Soft Rejected: (XSS) "Application is insecure"

Hi. My script rejected with reason below:

  • Application is insecure.

And the reviewer sent me photo of XSS vulnerability. There is no XSS vulnerability on user-side, it is only in admin-side.

There are “Extra Header/Footer”, “Ad Code” fields and “Blog Post Content” (wysiwyg editor) field in my admin panel.
For example, admin user enters Adsense code to “Ad Code” field. Adsense gives us javascript code. That’s why I don’t check XSS in these fields.

What should I do?

you should to take care XSS vulnerability for both front end and back end. your full script should be secure from XSS attack.

1 Like

@mgscoder Thank you for answer. But as I said, it is necessary to add javascript code when adding Adsense/Analytics.

(As far as I know) It’s not possible to detect whether a javascript code is harmful.

if add then you have to make sure the js code is secure. what your script doing when adding js code it is saving into DB or doing something in front end witht he code, right? so, you have to take care XSS vulnerability. otherwise the victim’s browser can executes the malicious script.

I think it’s most likely the reviewer is correct and you have a design error.

Share some relevant code and what the reviewer highlighted and I’m happy to take a look, and think of some possible solutions.

@WebWizardsDev Hey, thanks for answer.


As you can see, javascript is required for some ad networks.
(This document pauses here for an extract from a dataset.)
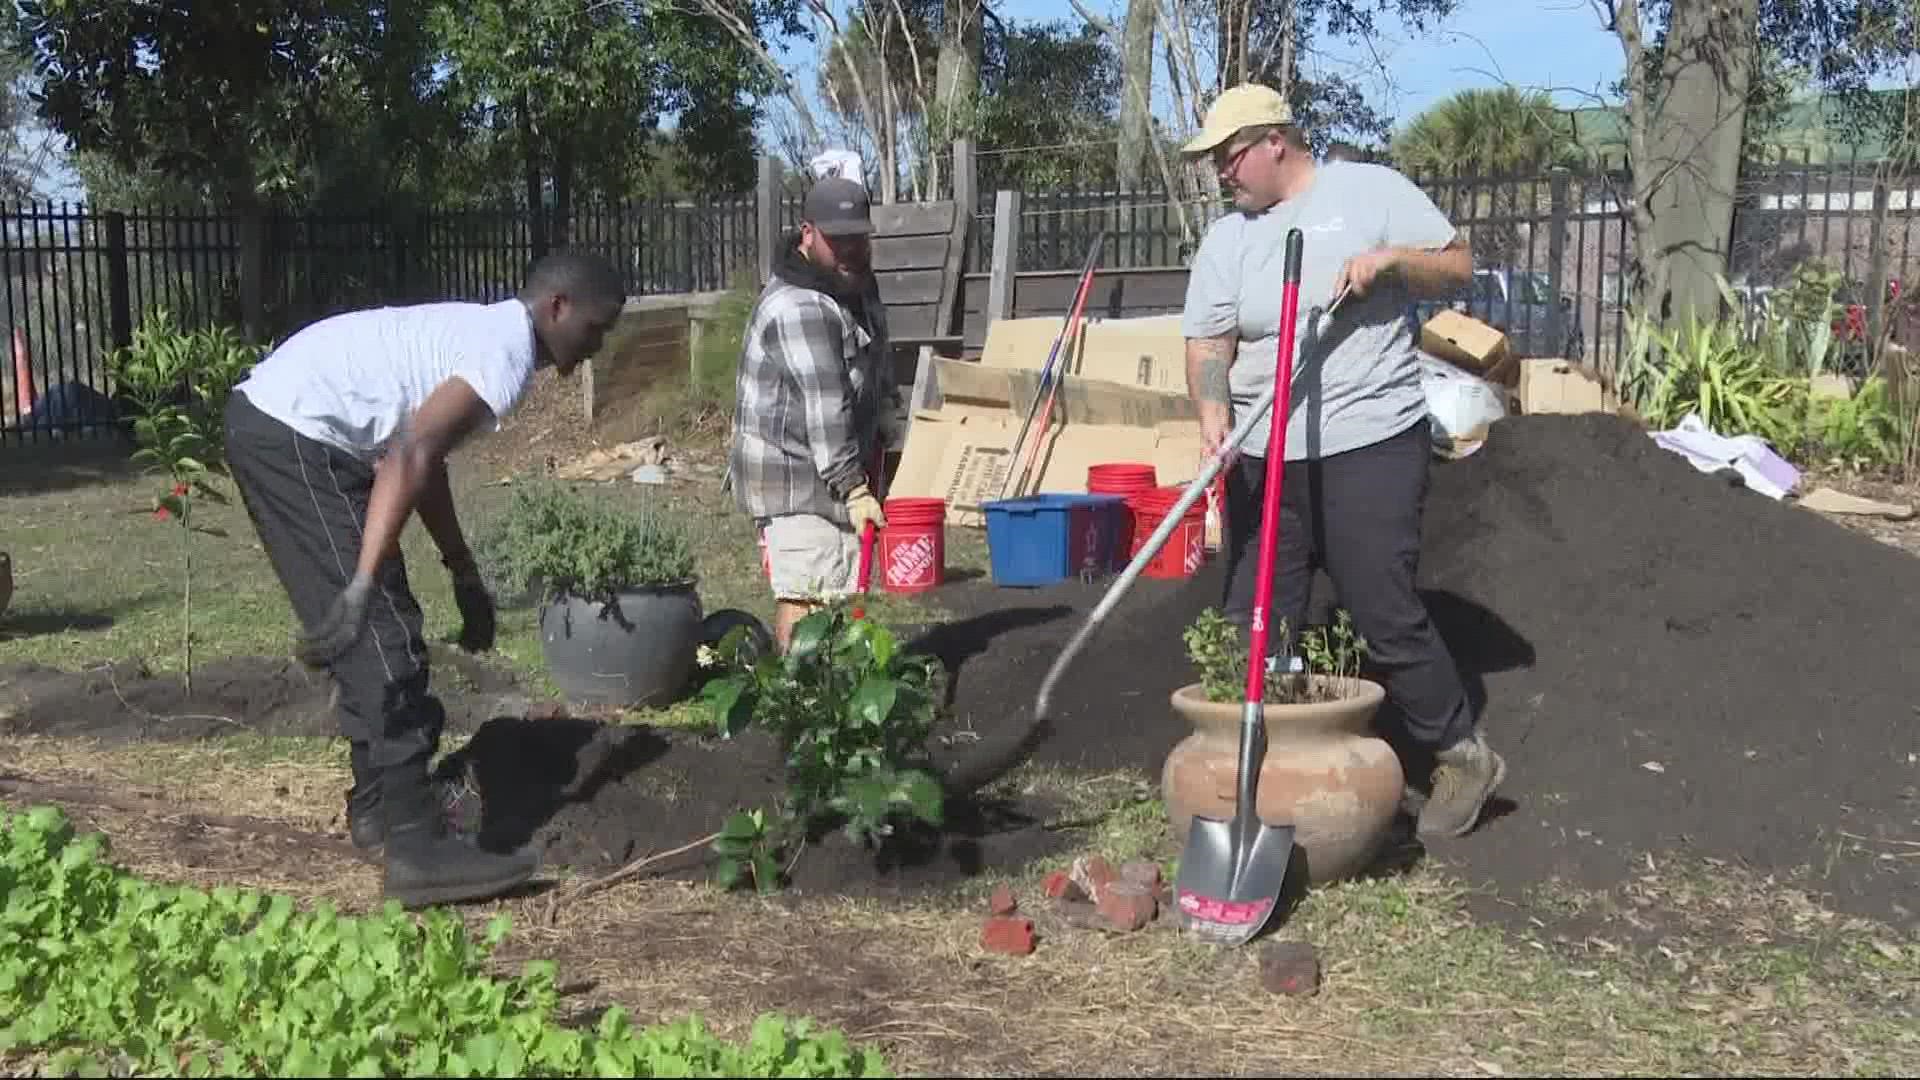 Clara White Mission hopes to feed the community with food grown by the community

So I don’t check XSS in this input field. If I check, required script code will be deleted.

I don’t fully understand the context and the vulnerability. But generally, my suggestion is just take the path of least resistance. Instead of arguing with the reviewer, I suggest:

  1. use esc_html, sanitize_textarea_field, sanitize_text_field etc. to satisfy the Envato Reviewer’s requirements.
  2. Deconstruct the javascript, for example replace " < script > " with * scripttagstart * and * scripttagend *
  3. Then in the frontend, you can replace * scripttagstart * with < script > again.

Please have your script as sanitized in the way as mentioned from reviewer’s side. Once it’s been sanitized submit again and it will definitely be approved. Simply just don’t loose hope. All you need to do is rectify and update the code if again after the second attempt it’s not approved …,. update again

Code for an ad banner is not XSS. You don’t need to sanitize that.

You said the reviewer sent you a photo of an XSS vulnerability. Can you share that photo with us?